In theory, it is possible to add additional electrons to the orbitals of a single proton, but it would result in an unstable and highly reactive atom. This is because the number of electrons in an atom determines its chemical properties, and adding more electrons would change the atom's electronic structure and therefore its reactivity.

If we were to add two more electrons to the orbitals of a single proton, the resulting atom would have a 2- charge, and would be known as a hydride ion. This ion would have the electronic configuration of helium, the element directly above hydrogen on the periodic table. However, the addition of these extra electrons would cause the atom to become highly unstable and likely to react with other elements to gain stability.

Overall, while it is theoretically possible to add additional electrons to the orbitals of a single proton, the resulting atom would have different chemical properties and would likely be highly unstable. This highlights the importance of the number of protons and electrons in an atom, as it determines the element's properties and behavior.
 

What is a "1 proton with 2+ electrons"?

A "1 proton with 2+ electrons" refers to an atom of hydrogen that has lost two of its electrons, resulting in a net positive charge of two.

How does a "1 proton with 2+ electrons" differ from a regular hydrogen atom?

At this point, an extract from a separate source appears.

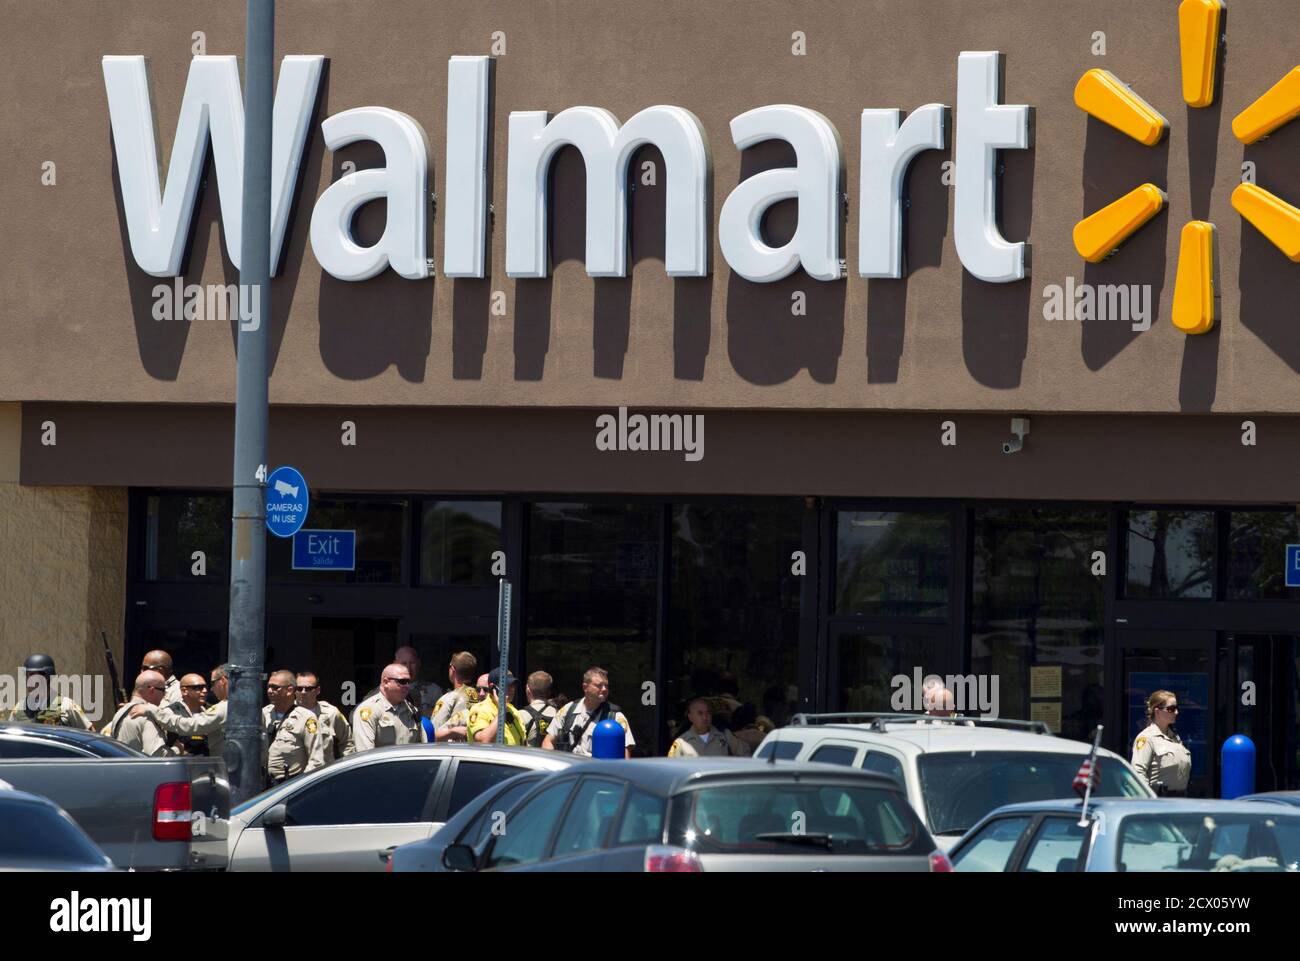 Metro Police officers are shown outside a Walmart after a shooting in Las Vegas June 8, 2014. Las Vegas police said on Sunday that a shooting incident involving officers resulted in injuries and urged people to stay away from the scene. The Las Vegas Metropolitan Police Department said in a tweet that the incident occurred near north Las Vegas, at an address close to a Wal-Mart store. REUTERS/Las Vegas Sun/Steve Marcus (UNITED STATESCRIME LAW) Stock Photo

A regular hydrogen atom has one proton and one electron, resulting in a neutral charge. A "1 proton with 2+ electrons" has one proton and two electrons, resulting in a net positive charge of two.

What is the significance of a "1 proton with 2+ electrons"?

A "1 proton with 2+ electrons" is known as a hydrogen ion and is a key player in many chemical reactions. It is highly reactive and can easily bond with other atoms to form compounds.

How is a "1 proton with 2+ electrons" created?

A "1 proton with 2+ electrons" can be created through various processes such as ionization, where an atom loses or gains electrons, or through the breakdown of molecules in high energy environments.

What are the properties of a "1 proton with 2+ electrons"?

A "1 proton with 2+ electrons" is small in size and has a strong positive charge. It is highly reactive and can easily bond with other atoms. It also has a tendency to attract and bond with other negatively charged particles, such as electrons.